New York has to have one of the most determined and strangest PR teams available today. With the help of plenty of artists who have been there, New York lords as one of the most majestic and legendary cities in America. “Home of the hustlers,” “concrete jungle where dreams are made of,” and many other quotes have been spoken about the city. On the other hand, New York is revealed as the most anxiety-inducing city in America as well.

Residents have overgrown, hungry rats, occasional violence and drugs, and the need to make it happen by any means necessary as it is one of the most expensive places to live. You may have to forego sleep even to attempt to live there (hence, New York being the city that never sleeps) and deal with the worst it may offer. Somehow, both the yin and the yang of New York have inspired everything from the proto-punk and local no wave scene to the genre and culture of hip-hop to even birthing artists such as Jean-Michel Basquiat. The latest in line is avant-rap’s maassai.

Not only does maassai tackle some of the freshest kinds of beats, but her voice is stern yet controlled—what she says isn’t just for kicks. Declaring she sounds very at home over Jersey’s JWords production would be an understatement and those who have heard their collaboration album ve•loc•i•ty would agree 150%.

If their debut didn’t prove it to you already, then H31R’s latest project, HeadSpace, will show that they could easily revitalize the sound of New York hip-hop.
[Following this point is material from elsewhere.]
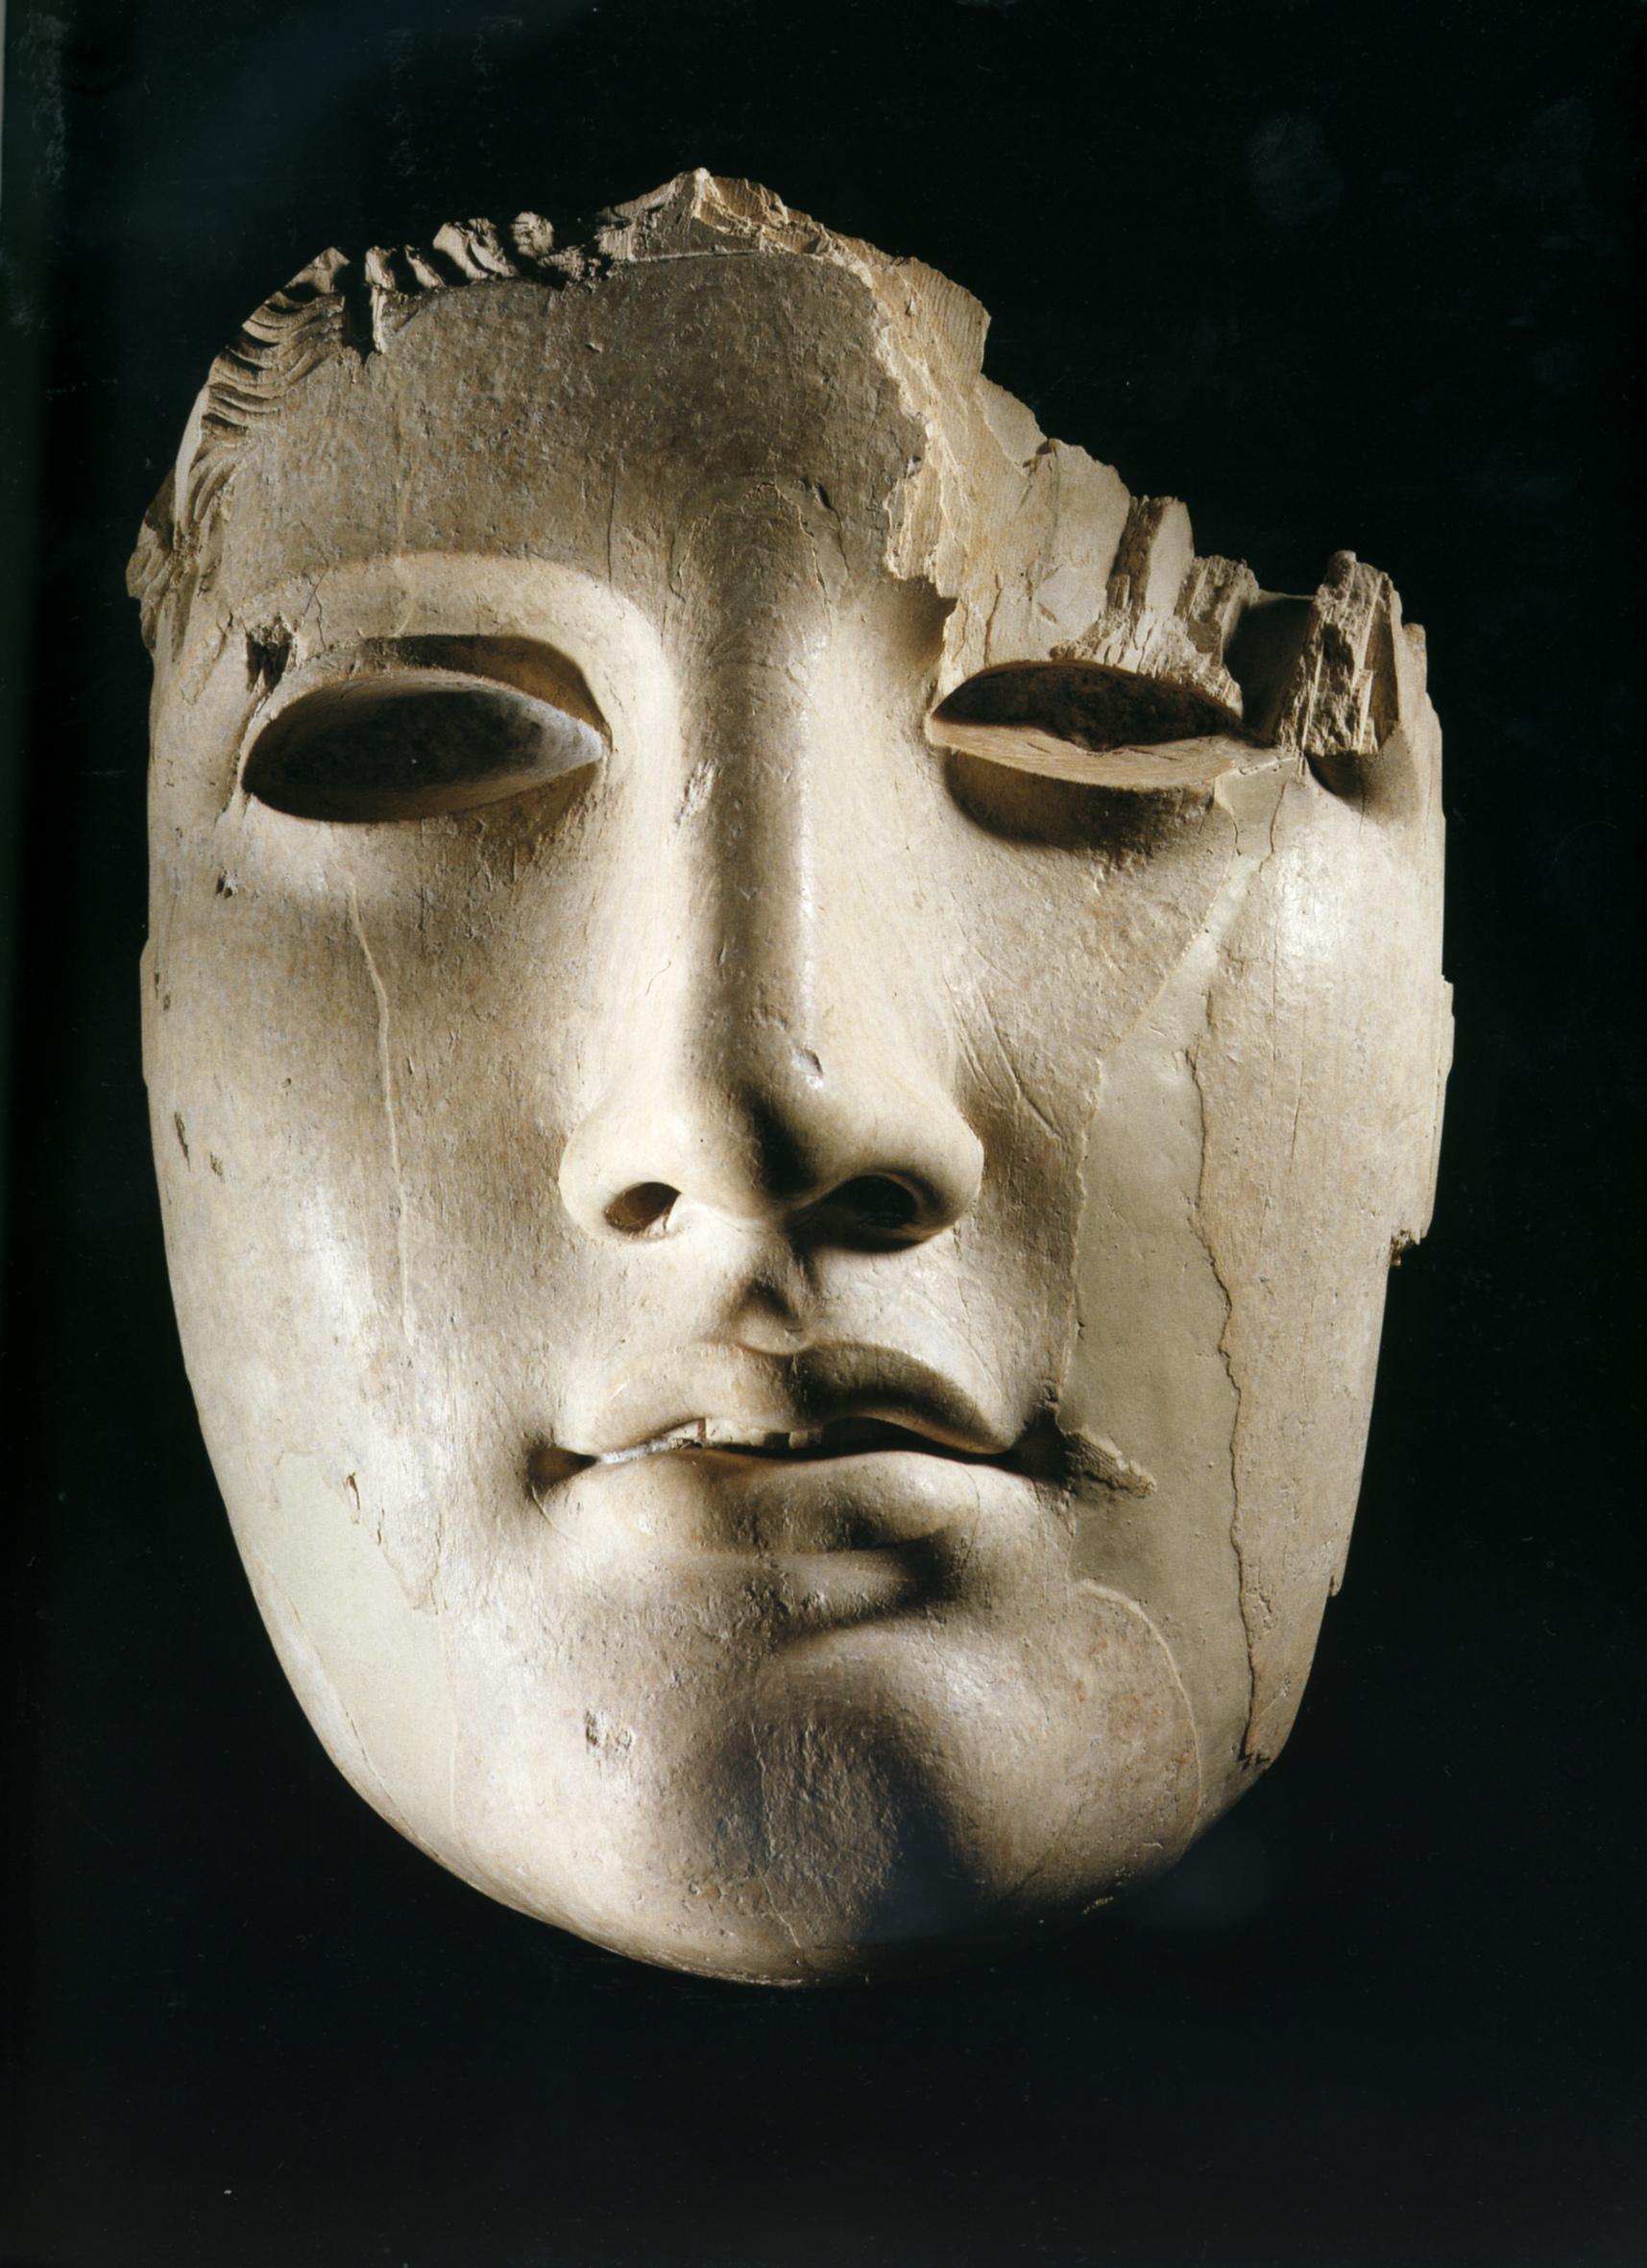 maschera di avorio II sec a.C.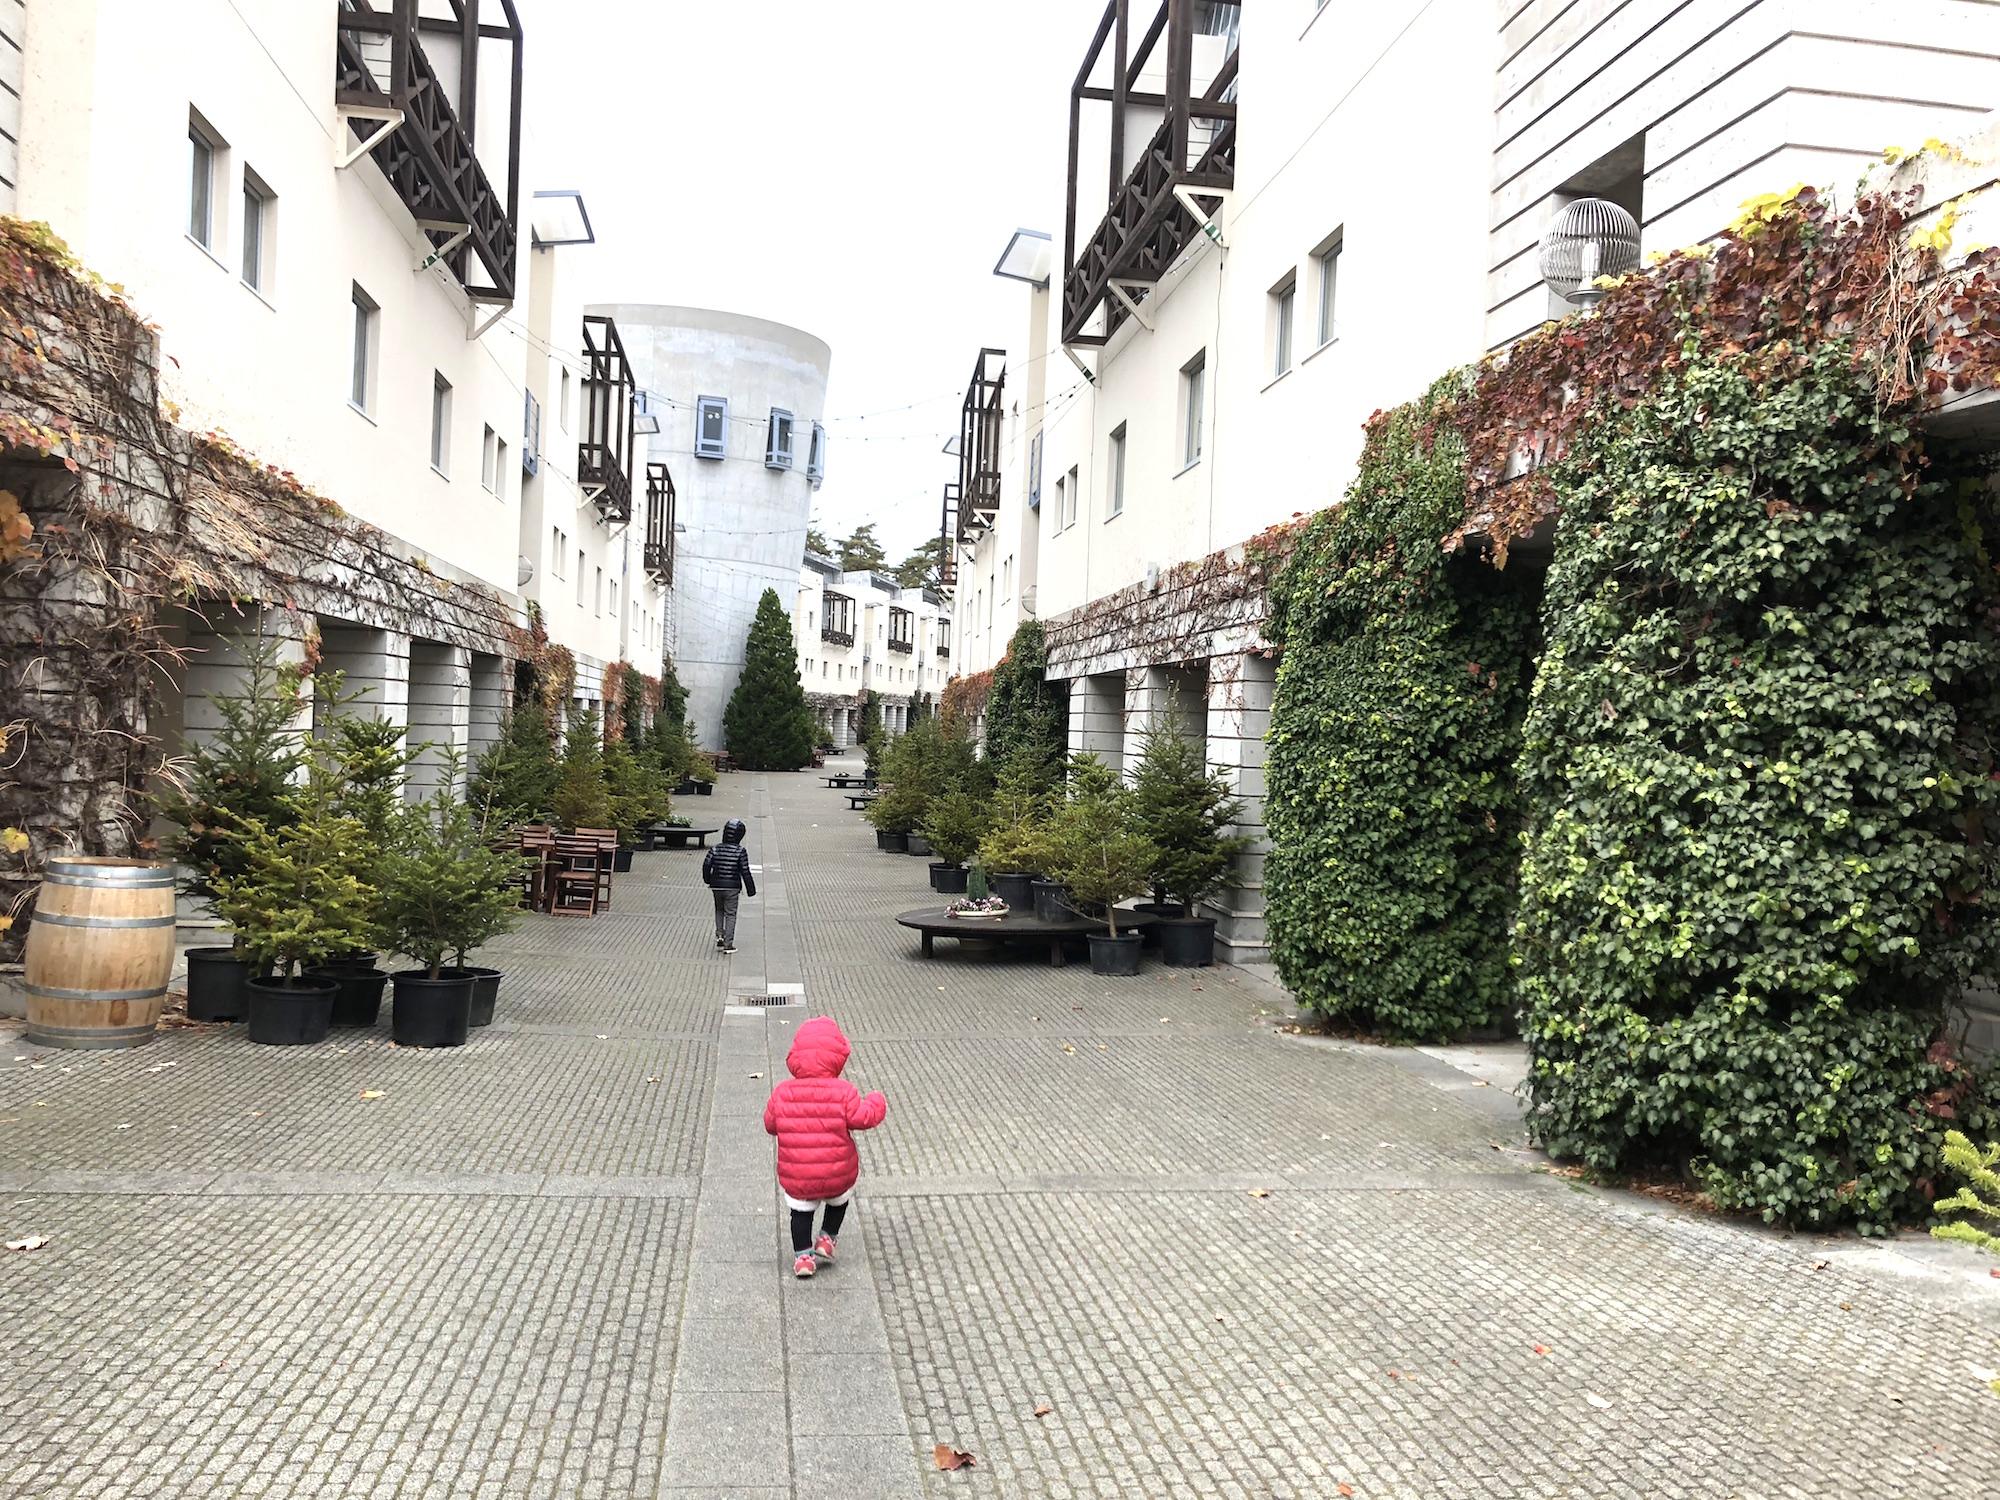 八ヶ岳 星野 リゾート 【子連れ旅行】星野リゾート・リゾナーレ八ヶ岳に1歳児と宿泊しました

JWords’ glitchy, afrofuturistic production sounds like both the picture of New York’s grimy atmosphere and the unease and general distrust permeating maassai’s mind and bars. Together, they confront the shadiness of the people that surround you on “Backwards,” the use of manifestation to propel the grind mentality on “Big Bang,” and doing what you can to not get caught up in it all while not letting it destroy you on “Static.”

maassai also explores matters of the mind with the theory of mirroring the person near you on “Reflection” and the trepidation that can come with facing the real you on “Shadow Self.” Underneath each song, JWords’ bubble soap-thick liquid production compliments the low-key nature of maassai’s rhymes—even going so far as encouraging you to dance when she repeats, “I don’t feel seen, you don’t feel seen, we don’t feel seen.”

As spiritual as it is confrontational, HeadSpace offers a space to dance through and away from the madness—as hard as it may be to avoid being instrumental to it all.